Vous connaissez sans doute cette bascule du soir où le travail vous retient bien après l'heure raisonnable, ce moment où l'on finit par accepter que le sommeil attendra encore un peu. Un article récemment publié par Science et Vie vient justement interroger ce lien, souvent sous-estimé, entre horaires de coucher tardifs, charge professionnelle et santé mentale, en suggérant que les effets sur notre équilibre psychique seraient bien plus profonds qu'on ne le pensait. Au cabinet, c'est une configuration que nous rencontrons presque chaque semaine, et c'est pourquoi cette actualité mérite qu'on s'y arrête quelques instants.
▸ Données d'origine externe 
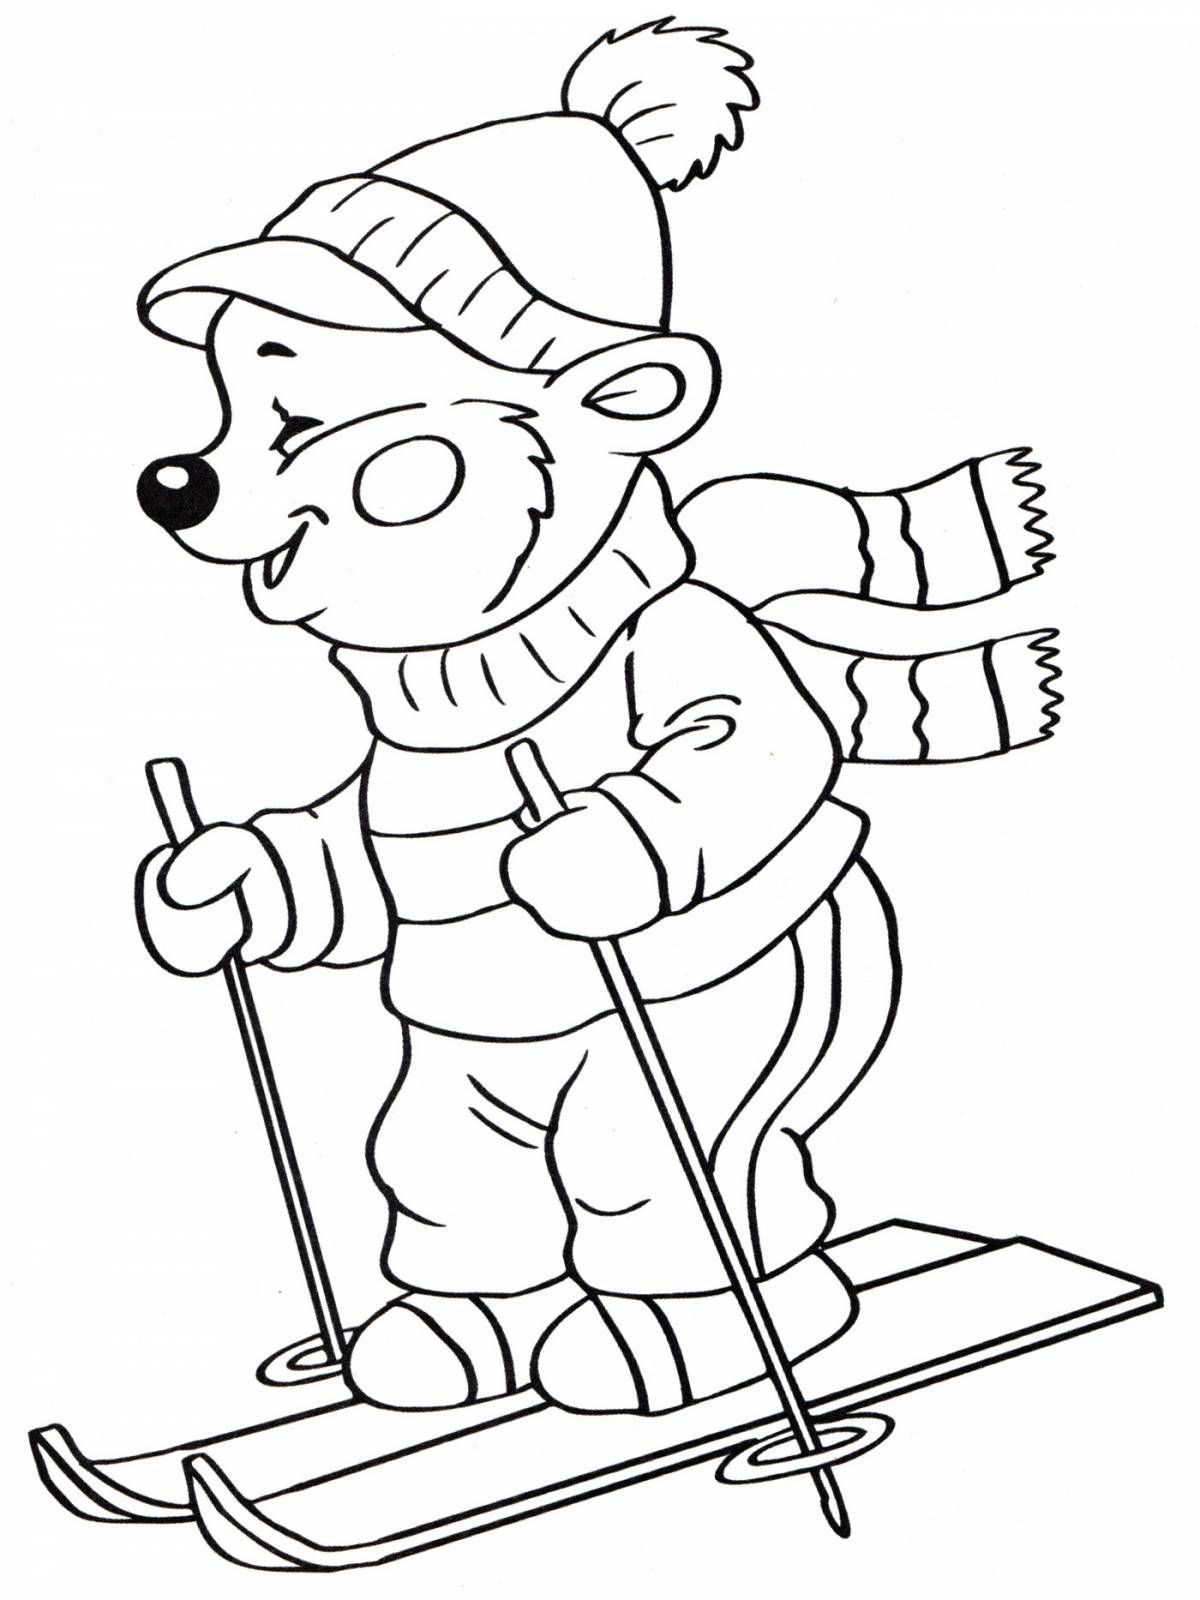 Fascinating winter sports coloring book for 6-7 year olds

Ce que ce titre réveille dans nos consultations

L'article de Science et Vie, dont l'intitulé interpelle directement les couche-tard, ouvre une question que beaucoup de patients formulent autrement en séance, sans toujours oser la relier à leur rythme de vie. Sans disposer ici du contenu détaillé de l'étude relayée, il est utile de noter que la presse scientifique grand public s'empare régulièrement de ces sujets, ce qui traduit une préoccupation collective montante, diffuse mais bien réelle.

Dans nos accompagnements, nous observons souvent que ce n'est pas tant le manque de sommeil en lui-même qui pèse au quotidien, que la culpabilité diffuse de ne pas dormir, doublée de l'impossibilité de décrocher mentalement. Le corps s'épuise, l'esprit s'agite, et le cercle se resserre, doucement, jusqu'à devenir un mode de fonctionnement que l'on ne questionne plus.

Quand le travail s'invite dans la nuit

Ce que cette actualité met aussi en lumière, c'est un climat plus large, perceptible dans plusieurs initiatives françaises récentes. La métropole de Nantes a lancé le dispositif Duoado pour aller à la rencontre des 11-21 ans, la Ville de Rezé s'est engagée sur la santé mentale à l'école, et l'Éducation nationale cherche actuellement un référent santé mentale. Ces mouvements convergent vers une même prise de conscience: la santé psychique ne peut plus être reléguée au second plan, ni dans nos agendas, ni dans nos politiques publiques.

Vous reconnaissez-vous dans cette difficulté à poser le travail le soir, à éteindre l'ordinateur mentalement, à laisser le cerveau descendre en pente douce vers le sommeil?

Ce que l'on peut commencer à observer

Plutôt que d'attendre un diagnostic extérieur, quelques repères simples suffisent souvent pour amorcer un changement. Notez, sur une semaine, l'heure réelle à laquelle vous posez votre téléphone, l'heure à laquelle vous vous endormez, et ce qui occupe vos pensées dans les trente minutes précédentes. Ce journal, même très bref, met en lumière les automatismes que l'on n'avait jamais questionnés, ces petites négociations silencieuses avec soi-même.

L'hypnose ericksonienne, dans ce contexte, offre un espace pour retrouver une sorte de permission intérieure, celle de ralentir sans culpabiliser, de laisser le corps retrouver son propre rythme, d'habiter à nouveau la soirée plutôt que de la subir. Vous n'avez pas besoin de tout transformer d'un coup, simplement de percevoir, d'abord, ce qui vous retient éveillé, et d'accueillir ce signal avec curiosité plutôt qu'avec inquiétude.